The above image provides an indication of Apple’s EPS estimate. The EPS is expected to flat line for the year before resuming growth. On that path, the EPS is expected to hit roughly $25/share by the end of the decade. At the above P/E ratio we discussed, that’s a share price of more than $400.

That represents nearly 30% growth for the decade. For reference, over the next decade, forecasts for the S&P 500 (NYSEARCA:SPY) are for roughly 4-5% annualized gains. Apple reverting to the mean EPS would imply annual growth of 2-3% instead. However, it’s worth noting a key forecast here is that the company reverts to its historical P/E ratio while it continues to trade at highs.

However, what we’re skipping over here is Apple’s consistent share buybacks. A balanced approach to Apple (i.e. not buying back stock out of net cash) indicates it could repurchase 4% of its stock annually. That would mean that in 2030 it would only have 65% of the shares it has outstanding today. Given that our EPS to P/E ratio equivalent is based on market capitalization, that would actually imply a 2020 stock price of $615.

That would increase the company’s annual returns towards 7%. That would imply several % annual increases over the S&P 500. And that’s with a significant reversion to the company’s mean P/E. A P/E of 16 indicates a 7% annualized yield while a P/E of 25 indicates 4% annualized yields. In a 0% interest environment, a 4% yield from quality stocks is quite good.

That’s a great reason to invest in Apple for the long run.

Thesis Risks

Of course, the obvious risk to our thesis is that Apple is a single company that over the time period of a decade is subject to significant earnings fluctuations.

There are several competitive threats the company could face in the high tech business. It could see a new phone model that’s more competitive and replaces the iPhone. New streaming services are happening across major companies and can pressure services revenue. The company’s near $20 billion in annual R&D spend is indication enough of the pressures to remain competitive.

We believe Apple will continue, as it has, not only to innovate but also to create new products that increase its revenue and define new segments, such as the AirPod.
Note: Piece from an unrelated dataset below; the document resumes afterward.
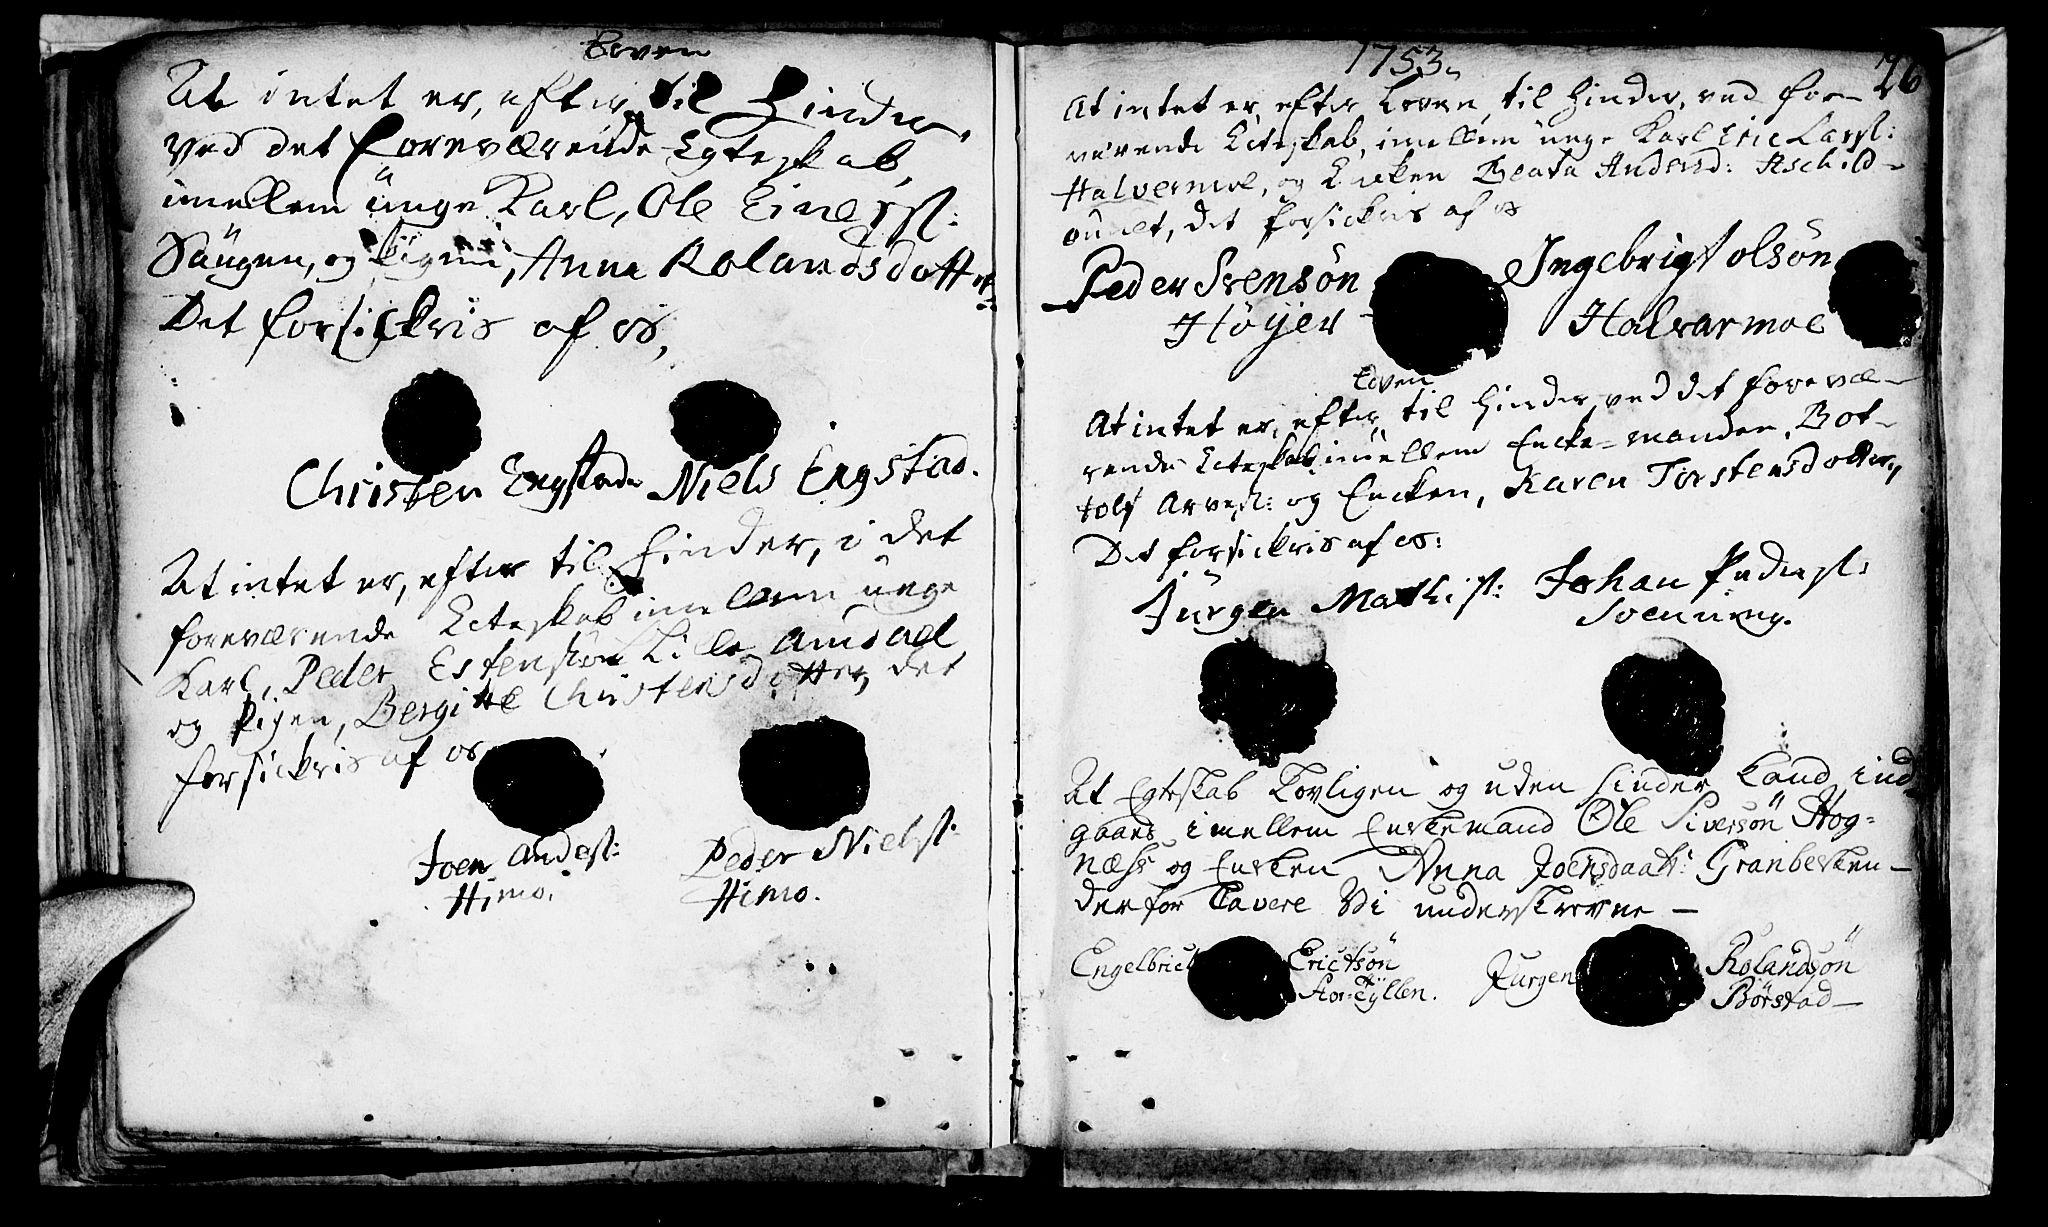 SAT, Ministerialprotokoller, klokkerbøker og fødselsregistre - Nord-Trøndelag, 764/L0541: Ministerialbok nr. 764A01, 1745-1758, s. 26

However, there’s of course no guarantee of this.

Conclusion

The article on Apple from another author indicated that the company was overvalued because of its high P/E ratio and flat estimates for 2020. However, the article ignored the fact that going into the late-2020s, earnings are expected to increase significantly. That, even with a significant P/E reversion to the mean, means strong growth with share buybacks.

Based on estimates for the S&P 500, Apple should see earnings that are several percent more annually than the S&P 500’s returns. 7% in annual share price yield combined with several % in dividend under a worst-case reversion in P/E ratio alone indicates a stock worth holding for the long run. That’s why we recommend investing in Apple.

Disclosure: I am/we are long AAPL. I wrote this article myself, and it expresses my own opinions. I am not receiving compensation for it (other than from Seeking Alpha). I have no business relationship with any company whose stock is mentioned in this article.